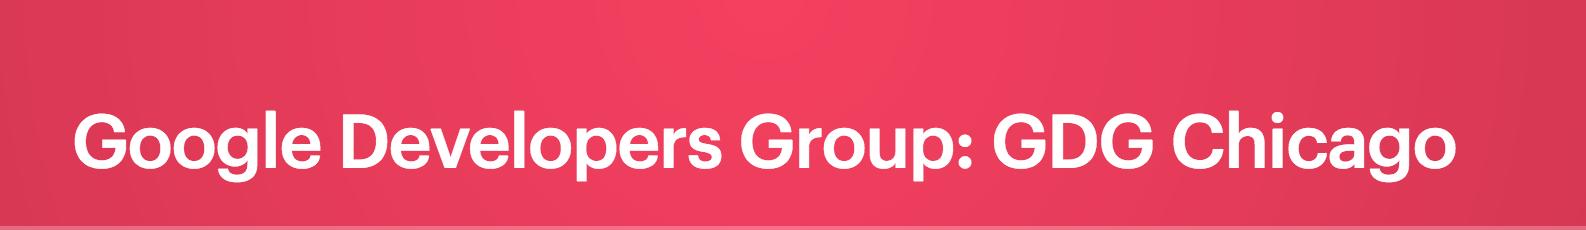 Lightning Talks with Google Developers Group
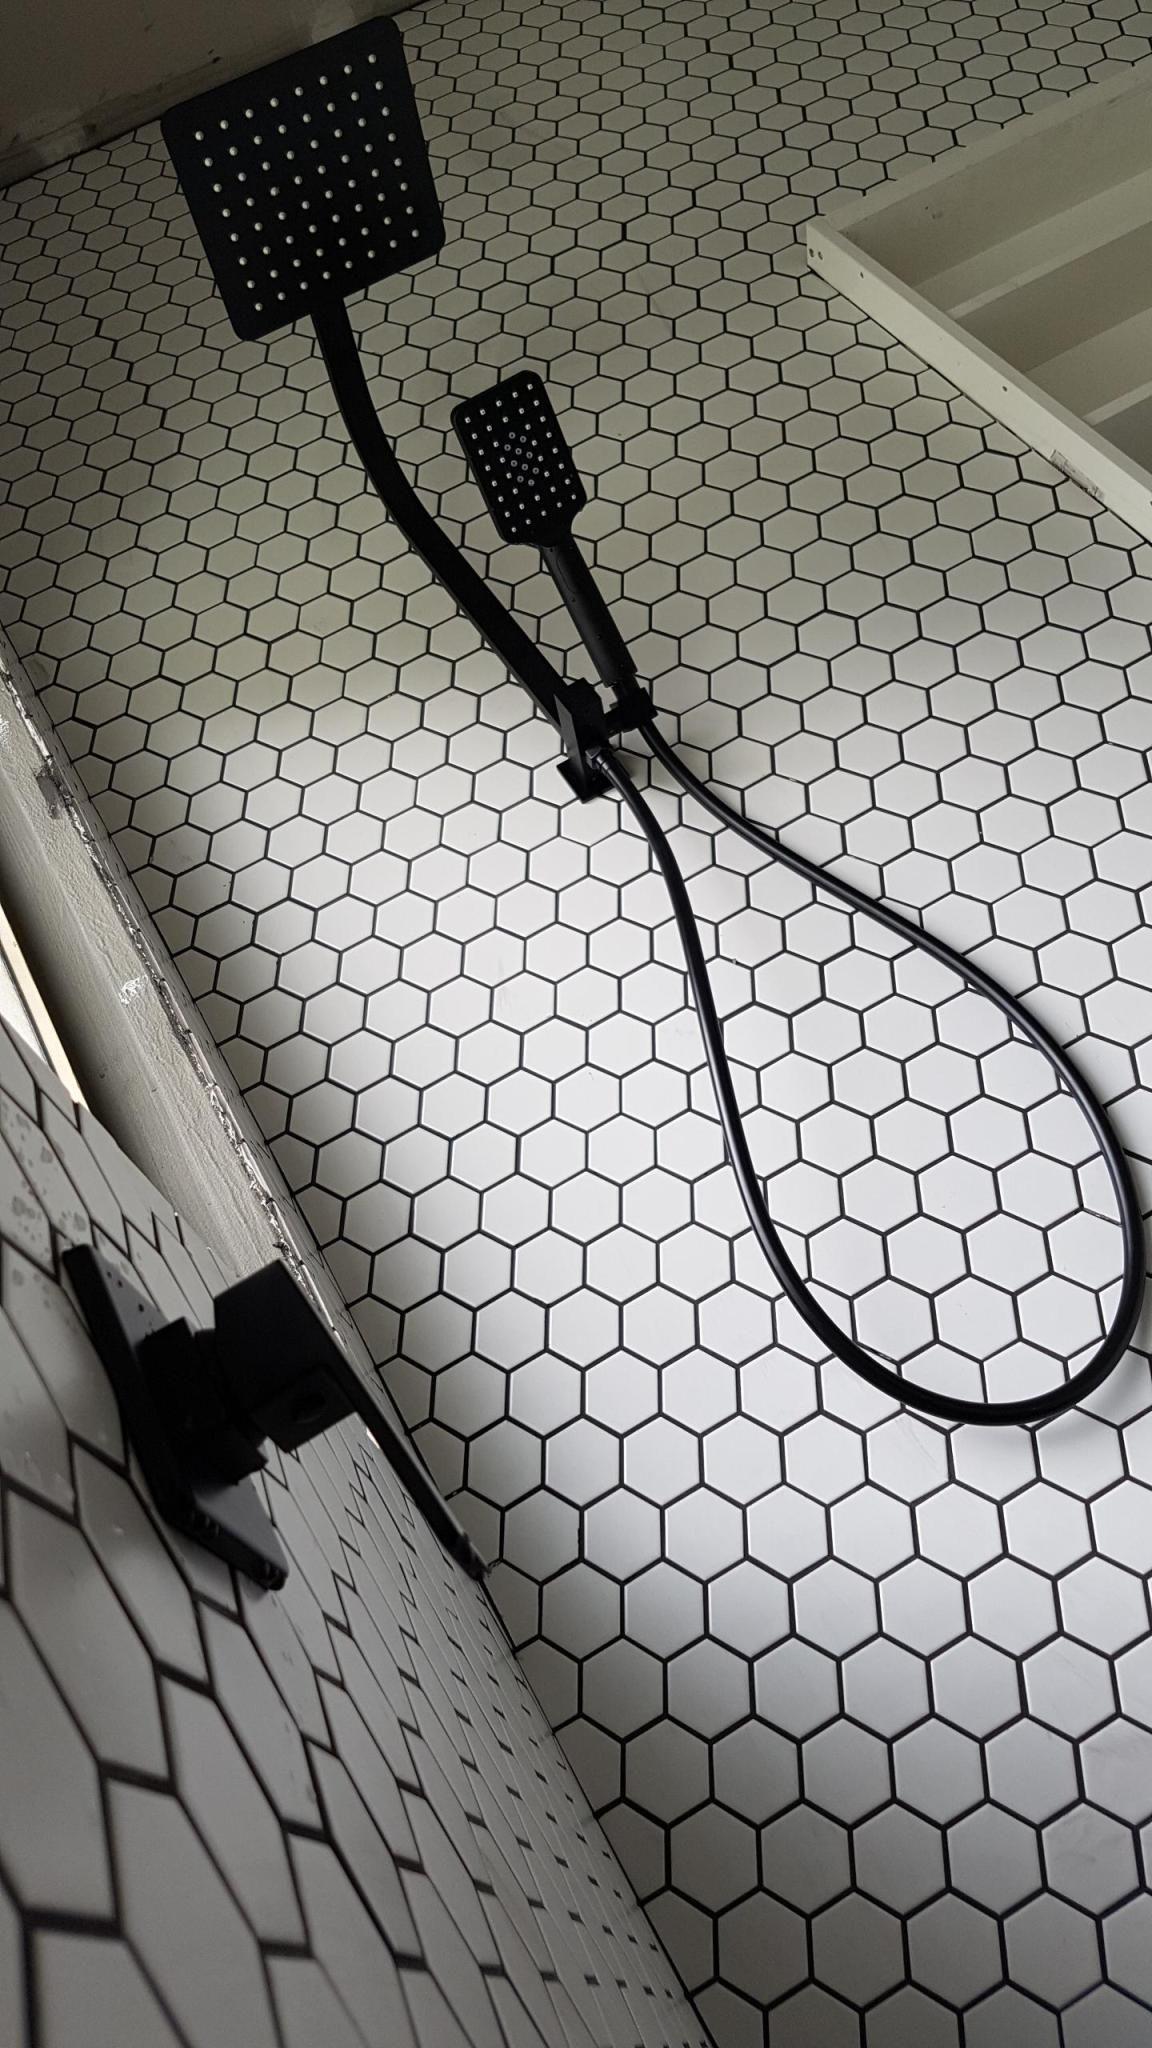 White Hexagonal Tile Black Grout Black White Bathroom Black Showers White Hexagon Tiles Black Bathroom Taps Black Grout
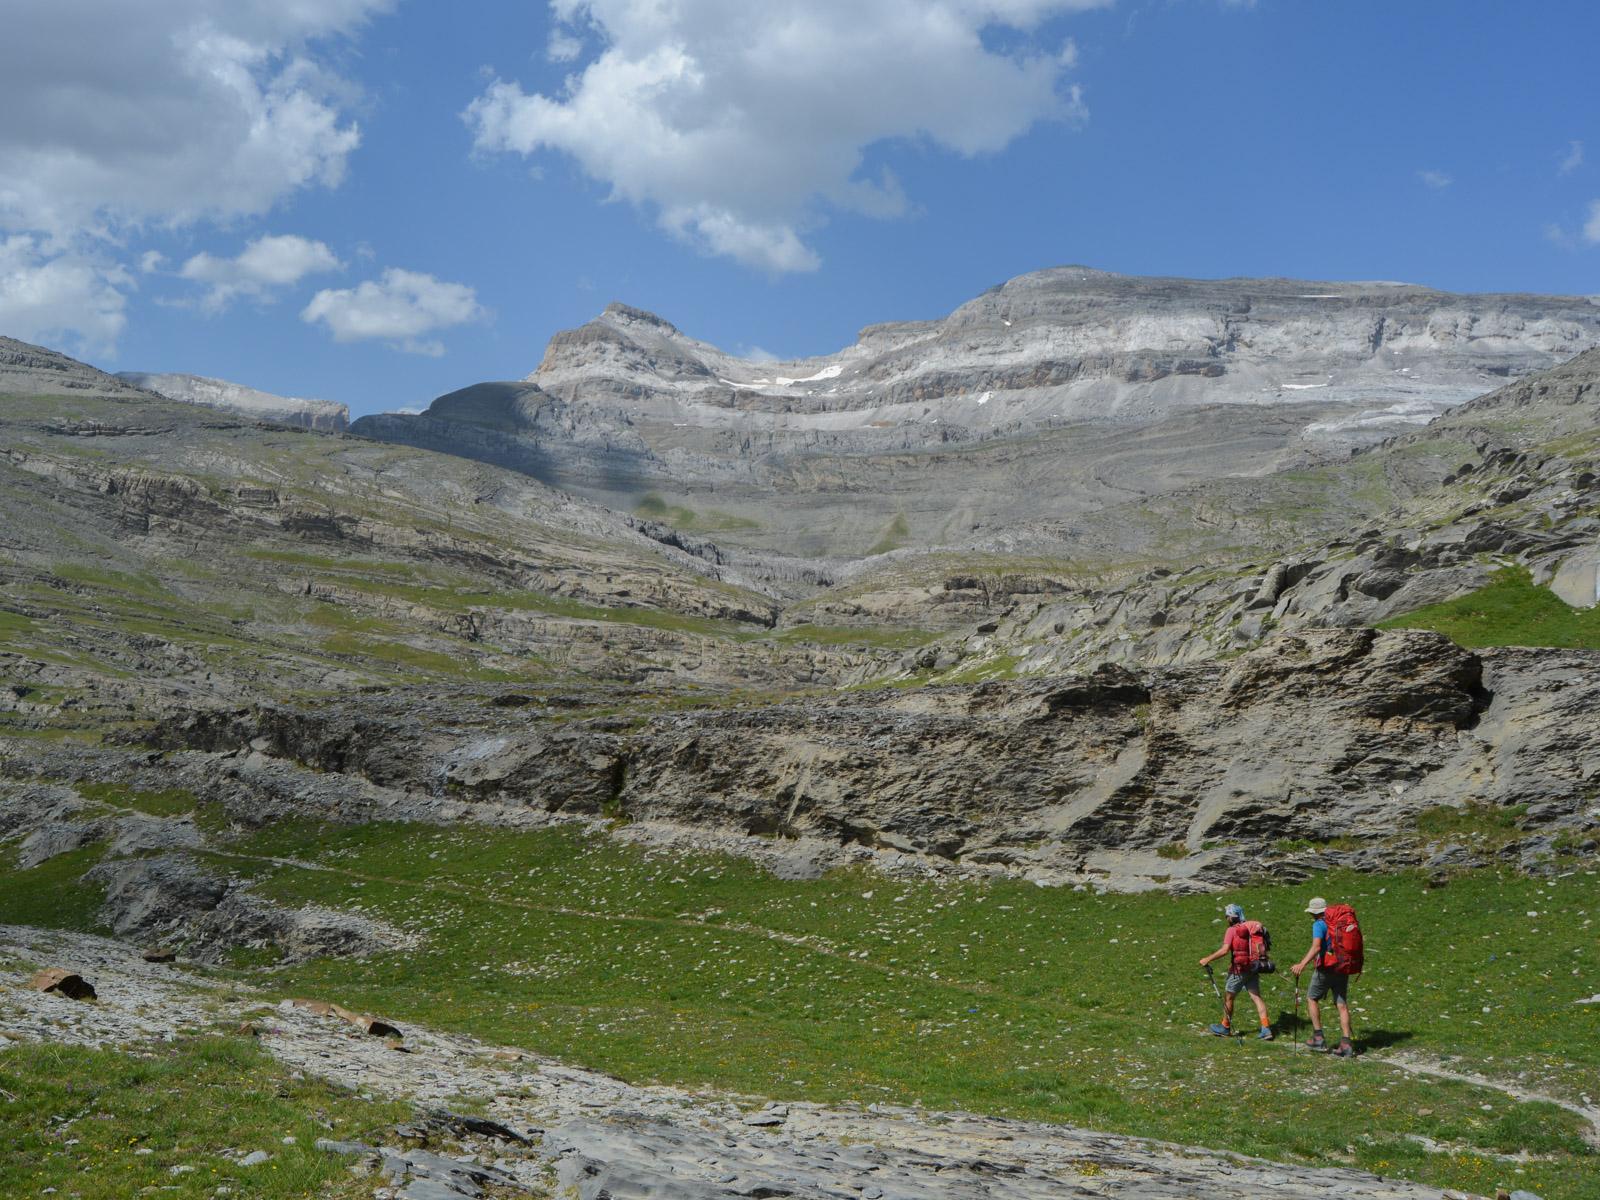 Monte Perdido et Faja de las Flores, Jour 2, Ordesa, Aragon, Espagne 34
- - - - - - -
*What to do*
What the answer needs is every line from the one containing "White Hexagonal Tile" through the final line of the data above, copied exactly, without pictures.

*Result*
 White Hexagonal Tile Black Grout Black White Bathroom Black Showers White Hexagon Tiles Black Bathroom Taps Black Grout
 Monte Perdido et Faja de las Flores, Jour 2, Ordesa, Aragon, Espagne 34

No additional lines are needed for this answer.